Matrix products: default

locale:

[1] LC_COLLATE=French_France.utf8 LC_CTYPE=French_France.utf8 LC_MONETARY=French_France.utf8

[4] LC_NUMERIC=C LC_TIME=French_France.utf8

attached base packages:

[1] stats graphics grDevices utils datasets methods base

other attached packages:

[1] mice_3.15.0 forcats_0.5.2 stringr_1.5.0 dplyr_1.0.10 purrr_1.0.0 readr_2.1.3

[7] tidyr_1.2.1 tibble_3.1.8 ggplot2_3.4.0 tidyverse_1.3.2

loaded via a namespace (and not attached):

[1] TH.data_1.1-1 googledrive_2.0.0 colorspace_2.0-3 deldir_1.0-6

[5] ellipsis_0.3.2 class_7.3-20 rprojroot_2.0.3 htmlTable_2.4.1

[9] base64enc_0.1-3 fs_1.6.0 gld_2.6.6 rstudioapi_0.14

[13] proxy_0.4-27 listenv_0.9.0 furrr_0.3.1 MatrixModels_0.5-1

[17] fansi_1.0.3 mvtnorm_1.1-3 lubridate_1.9.0 xml2_1.3.3

[21] codetools_0.2-18 splines_4.2.2 rootSolve_1.8.2.3 knitr_1.41

[25] Formula_1.2-4 jsonlite_1.8.4 broom_1.0.2 cluster_2.1.4

[29] dbplyr_2.3.0 png_0.1-8 compiler_4.2.2 httr_1.4.4

[33] backports_1.4.1 assertthat_0.2.1 Matrix_1.5-3 fastmap_1.1.0

[37] gargle_1.2.1 cli_3.5.0 htmltools_0.5.4 quantreg_5.94

[41] tools_4.2.2 gtable_0.3.1 glue_1.6.2 lmom_2.9

[45] Rcpp_1.0.9 cellranger_1.1.0 vctrs_0.5.1 nlme_3.1-160

[49] xfun_0.36 globals_0.16.2 rvest_1.0.3 timechange_0.2.0

[53] lifecycle_1.0.3 googlesheets4_1.0.1 polspline_1.1.22 future_1.30.0

[57] zoo_1.8-11 MASS_7.3-58.1 scales_1.2.1 hms_1.1.2

[61] sandwich_3.0-2 parallel_4.2.2 expm_0.999-7 SparseM_1.81

[65] RColorBrewer_1.1-3 yaml_2.3.7 Exact_3.2 gridExtra_2.3

[69] rms_6.4-1 rpart_4.1.19 latticeExtra_0.6-30 stringi_1.7.8

[73] e1071_1.7-12 checkmate_2.1.0 boot_1.3-28 rlang_1.0.6

[77] pkgconfig_2.0.3 evaluate_0.20 lattice_0.20-45 htmlwidgets_1.6.1

[81] tidyselect_1.2.0 here_1.0.1 parallelly_1.34.0 magrittr_2.0.3

[85] R6_2.5.1 DescTools_0.99.47 generics_0.1.3 Hmisc_4.7-2

[89] multcomp_1.4-20 DBI_1.1.3 pillar_1.8.1 haven_2.5.1

[93] foreign_0.8-83 withr_2.5.0 survival_3.4-0 nnet_7.3-18

[97] modelr_0.1.10 crayon_1.5.2 interp_1.1-3 utf8_1.2.2

[101] tzdb_0.3.0 rmarkdown_2.20 jpeg_0.1-10 grid_4.2.2

[105] readxl_1.4.1 data.table_1.14.6 reprex_2.0.2 digest_0.6.31

[109] munsell_0.5.0

Thank you!

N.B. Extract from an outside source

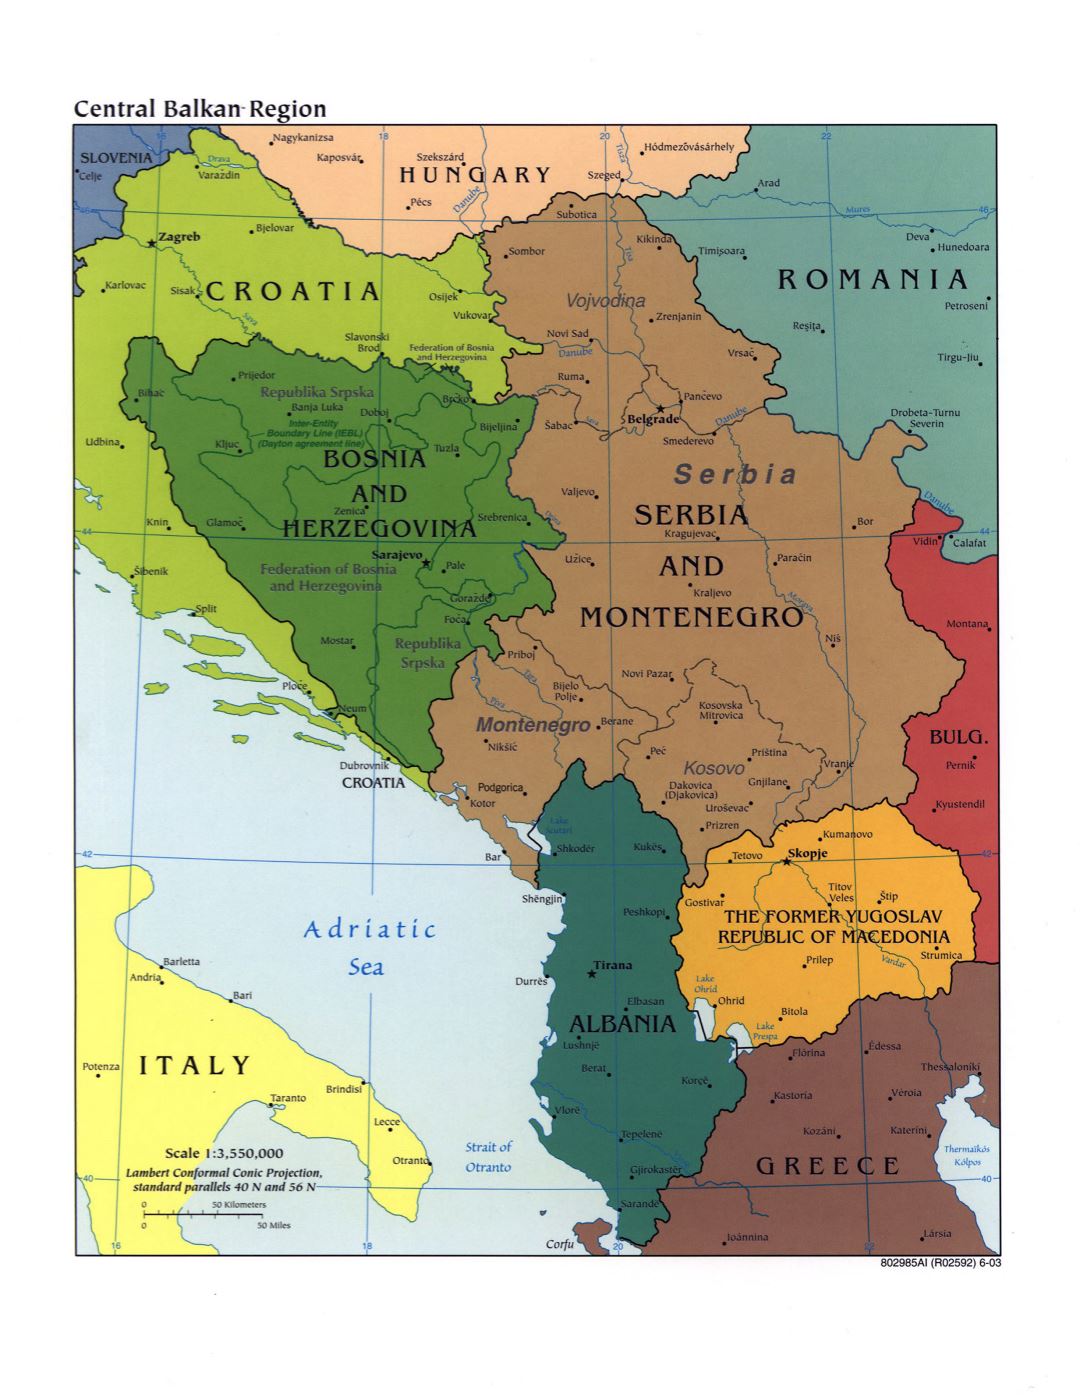 Mapa político grande de la Región Central de los Balcanes con marcas de capitales, grandes ciudades y nombres de los estados - 2003

Charles

— Reply to this email directly, view it on GitHub https://github.com/amices/mice/issues/533, or unsubscribe https://github.com/notifications/unsubscribe-auth/ABT2AKCIKA5BBNEZMZTQTQTWT6MRFANCNFSM6AAAAAAUE2QBS4 . You are receiving this because you are subscribed to this thread.Message ID: @.***>

cdolladille commented 1 year ago

Thank you for your reply, In my setting, I have 3 different computers/servers with different number of cores and I may have to run the same script on either of these. I appreciated the flexibility of not providing the number of cores, so that I could just pass my script along to any of these units.

I acknowledge this might not be a frequent use case.

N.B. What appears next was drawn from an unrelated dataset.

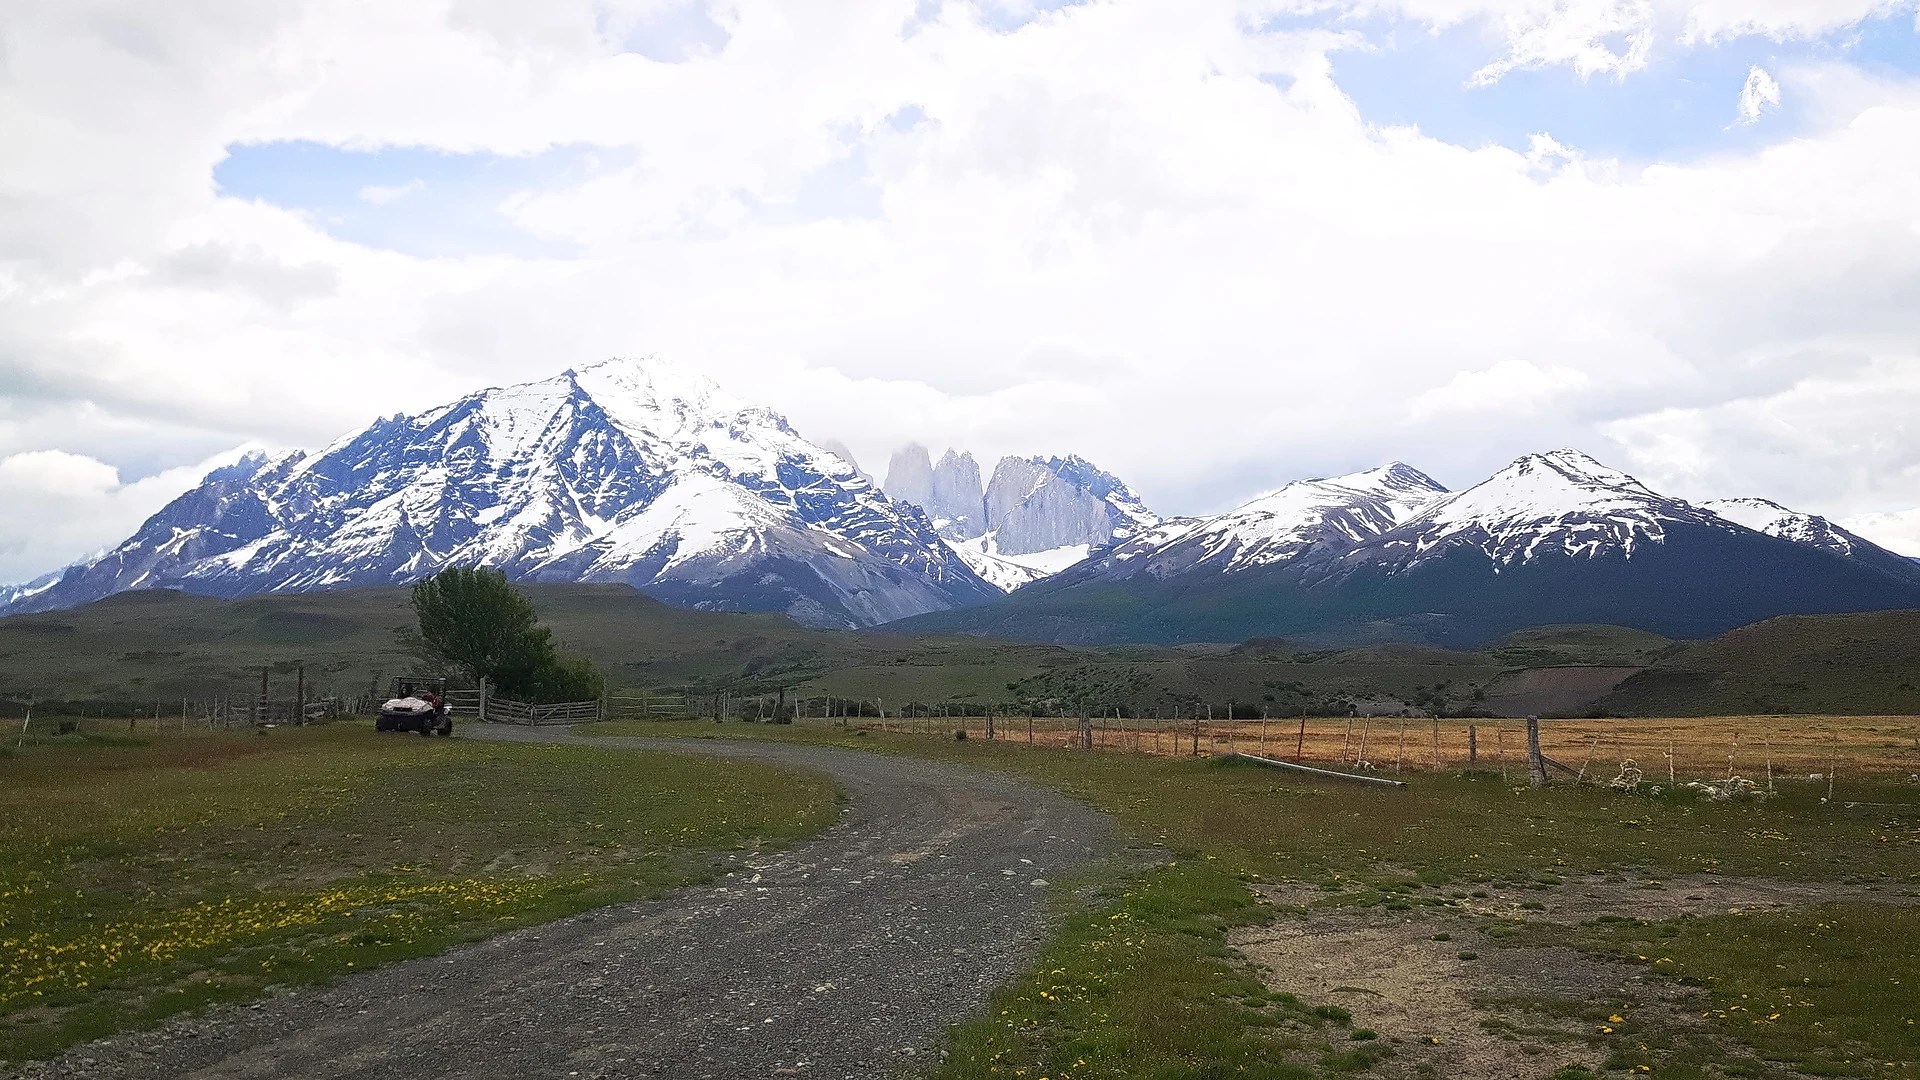 Exploration of the Torres del Paine landscape

thomvolker commented 1 year ago

I agree with @gerkovink, but I also think that we can easily tackle the issue by always falling back to the highest number of cores that makes sense given the number of imputed datasets, and informing the user that we did this by printing a message. In this way, I think we can accommodate flexibility and security for the user.

stefvanbuuren commented 1 year ago

@thomvolker Thanks. Closing because this is solved by #550.